I’ve also had 5 near-death/out-of-body experiences. I’m so skeptical I’m not even sure I believe in them. I almost never talk about them. They are not the centerpiece of my identity or existence. I HAD THEM and I’m not sure I believe in them. Forget about being an expert at them, or having THE conclusive take on them.
It’s interesting to me to see people conclude with finality so many things so much of the time. I’m over here with over 45,000 hours of speciality professional expertise at something; and I can easily, regularly, and readily acknowledge that two completely different tactics can both work. That is, based on my empirical testing, my direct observation, I can admit that there are at least two mutually exclusive nutritional and exercise practices which both work for different people, or even the same person. Yet, somehow, without any direct observation, and without any empirical data collection, all kinds of “experts” on the internet have reached an absolute and final conclusion about everything?
I think what they mean is instruction, not conclusion. There are many things which help to direct us and instruct us. Do they conclude? No. Instruction is not conclusion.
“Heart disease correlates with X.” Fill in the blank. Do you believe that correlation IS causation? Careful. That’s a logical fallacy.
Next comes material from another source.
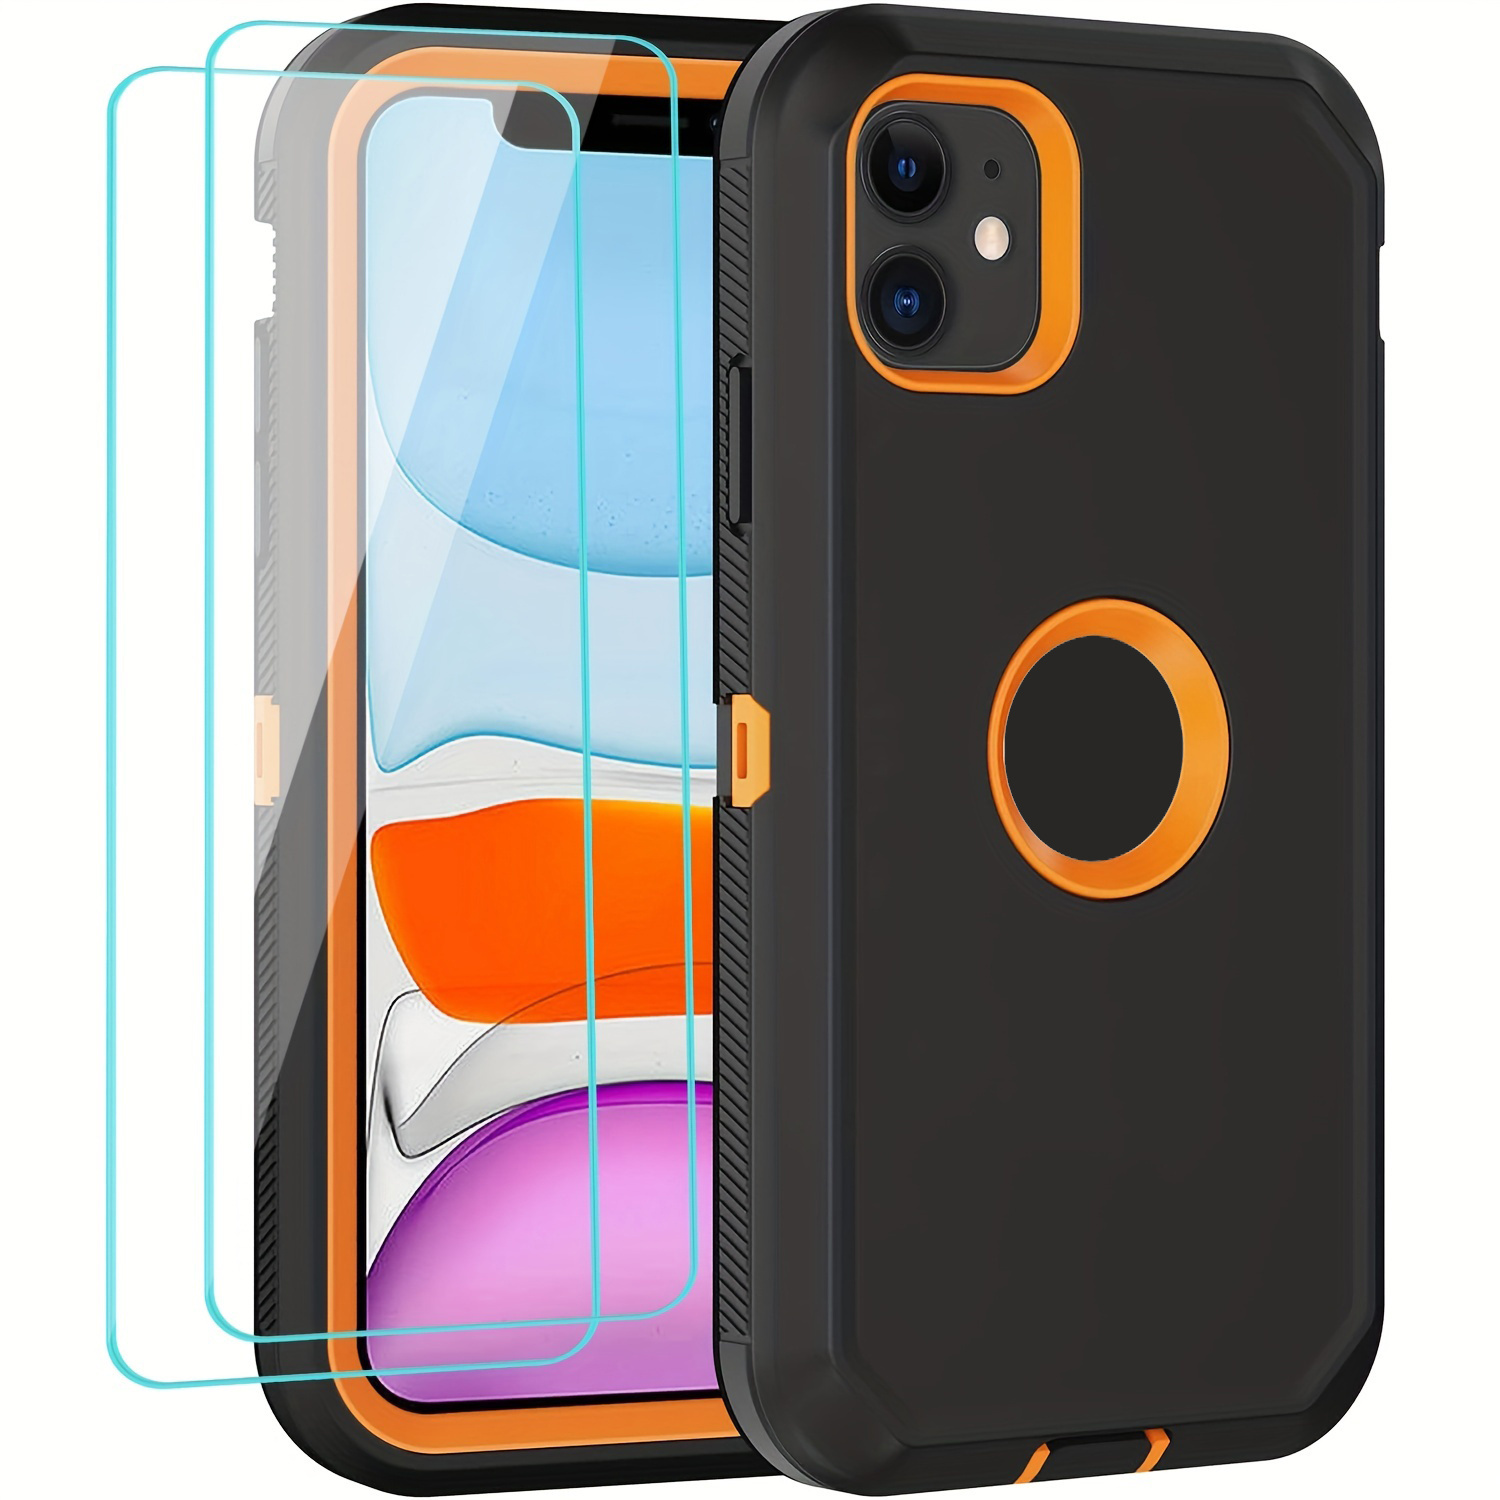 Screen protectors and cases, iPhone 11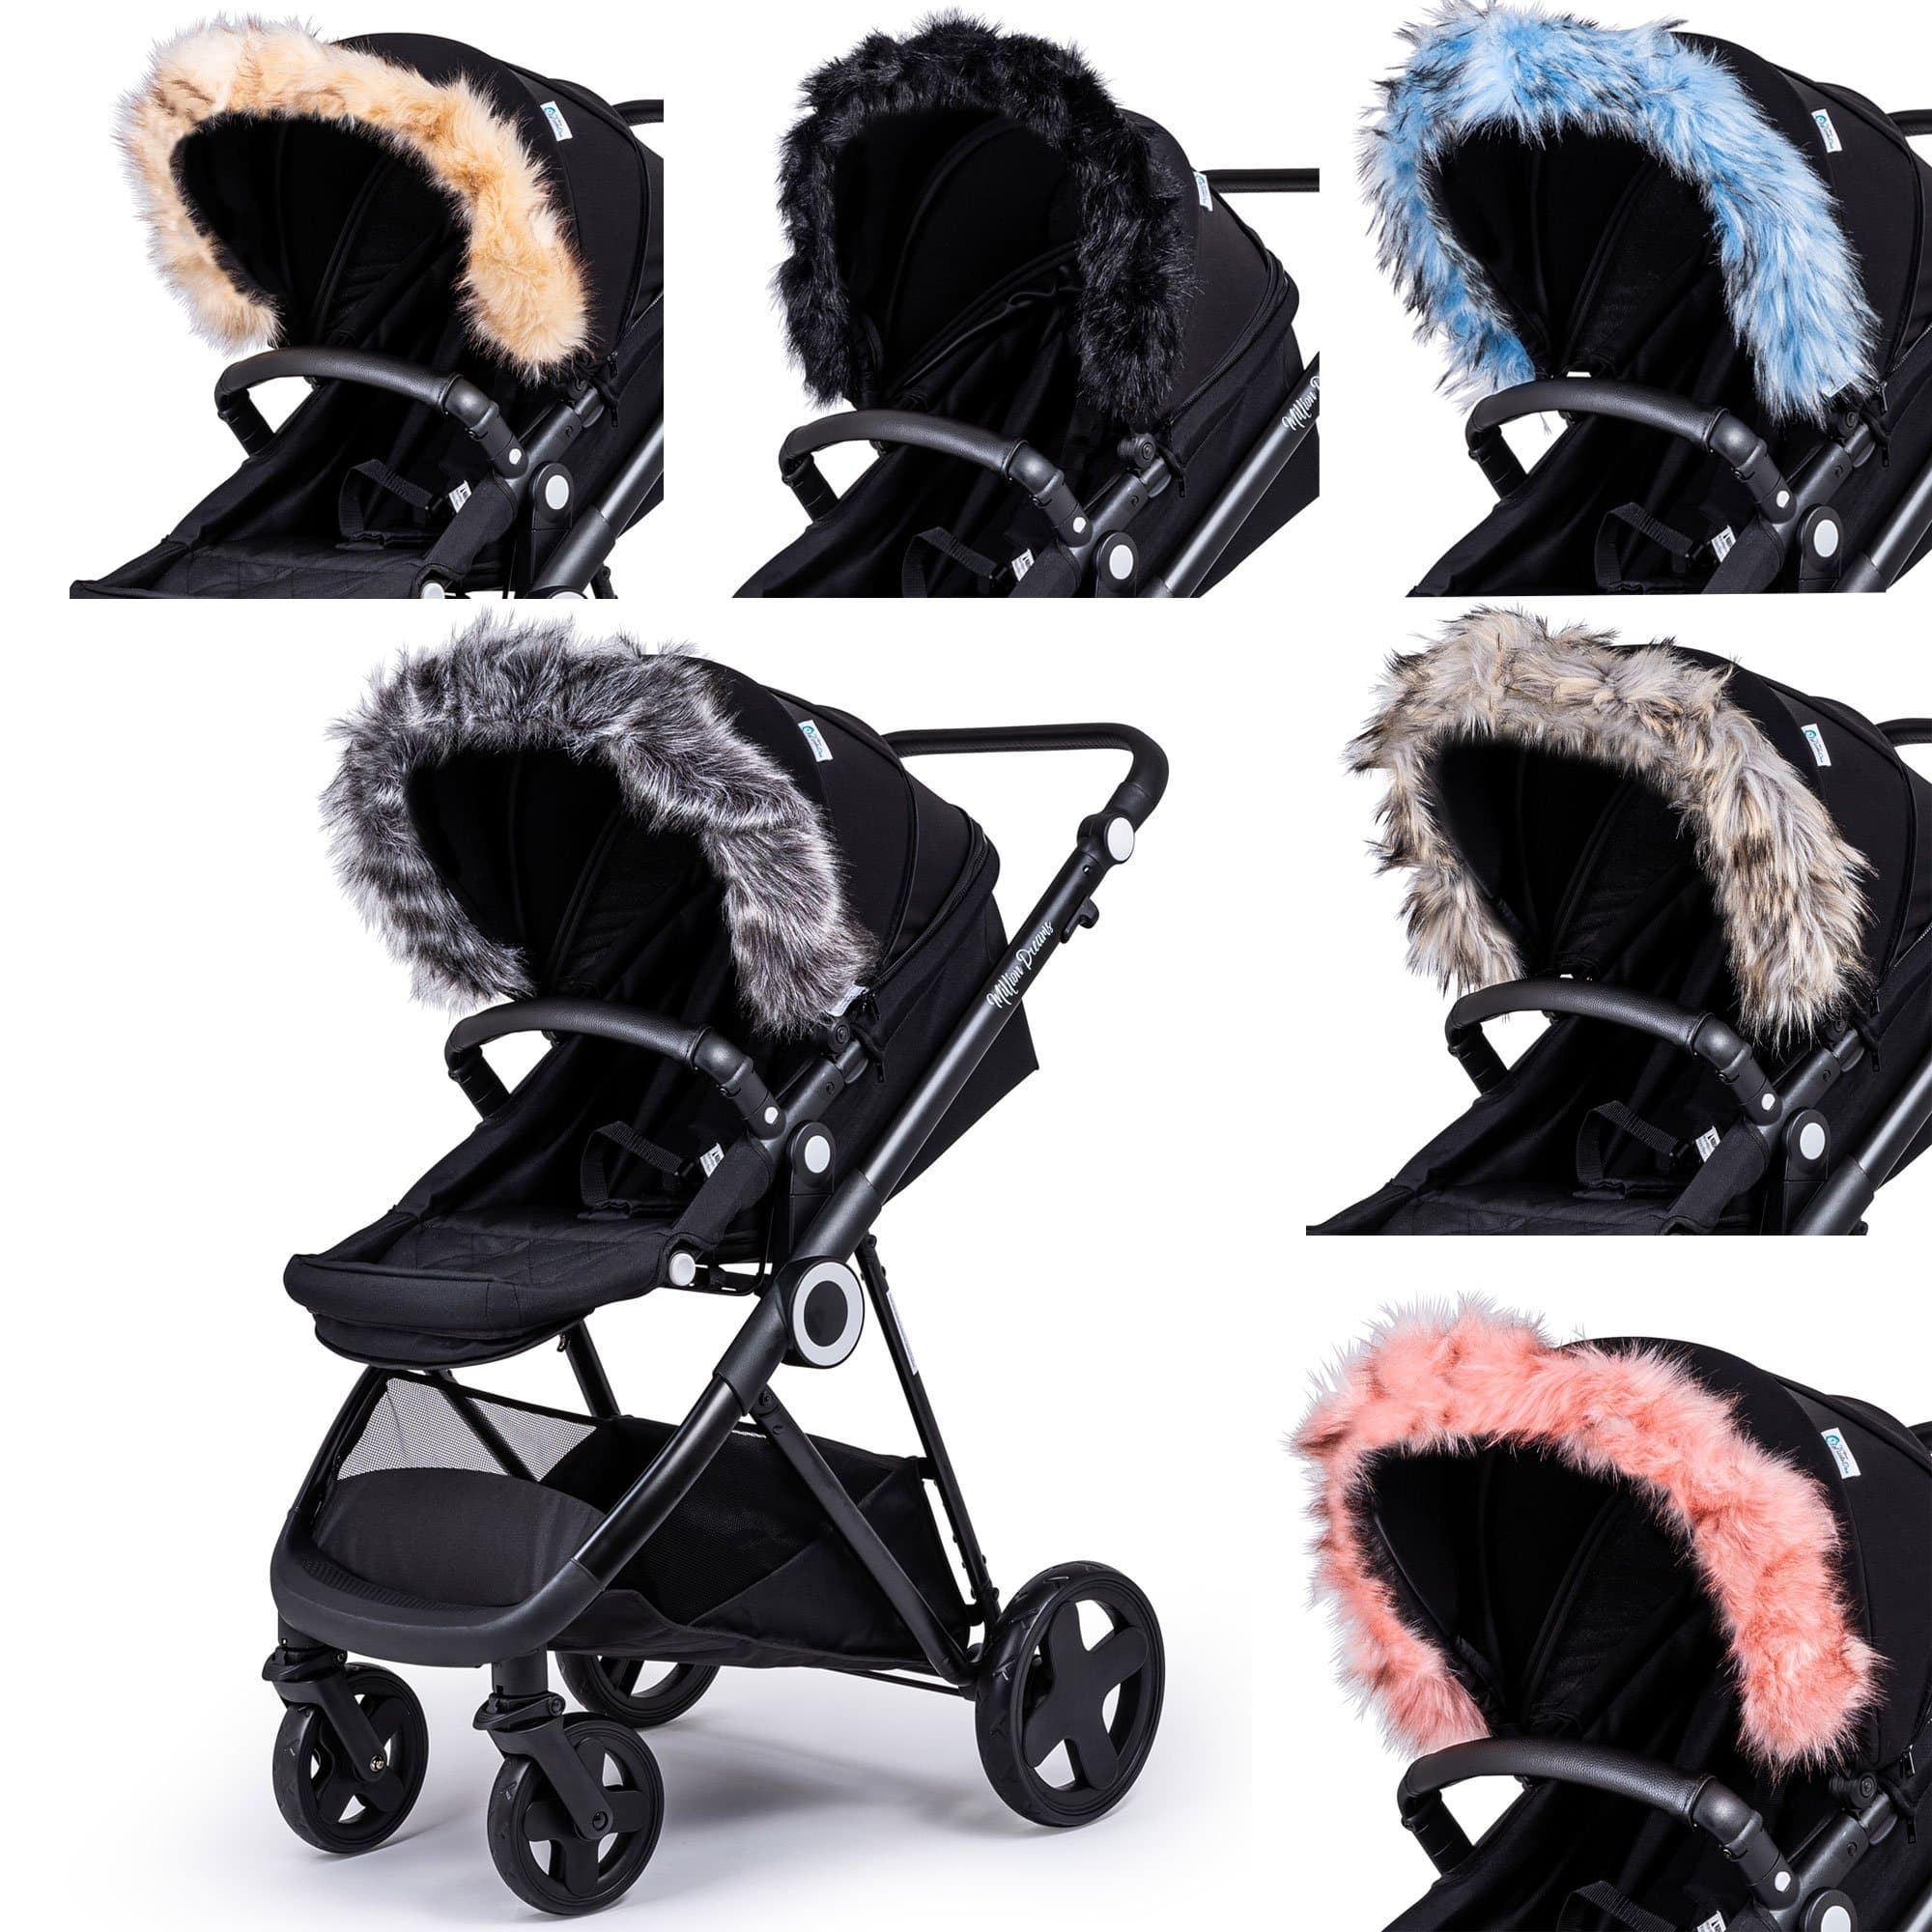 Pram Fur Hood Trim Attachment for Pushchair Compatible with Urban Detour - For Your Little One

It crops up everywhere. “The economy does Z.” Fill in the blank. Now, that’s a really big and complex system you’re talking about. There will be a lot of correlations. Which proposed items are and aren’t legitimate causes? Current world leaders? Former world leaders? Old policy? New policy? Anticipated future policy? What if the real mechanisms which drive economy haven’t even been studied yet? What if we haven’t yet verified a mechanism?
We jump. We hurtle ourselves toward a causal conclusion. But look before you leap.
In many statistical studies, there are defined trends. So what? Without a proposed, testable, known mechanism, we have to be very careful. It is just as easy for what we think is an effect to be a cause.
In human health, correlation to causation and trend without mechanism are thin ice. Did you know that 100% of people who sleep in beds end up dying? I guess you better not sleep at all, just to be safe.
Correlation is not causation. Trend is not even close to mechanism.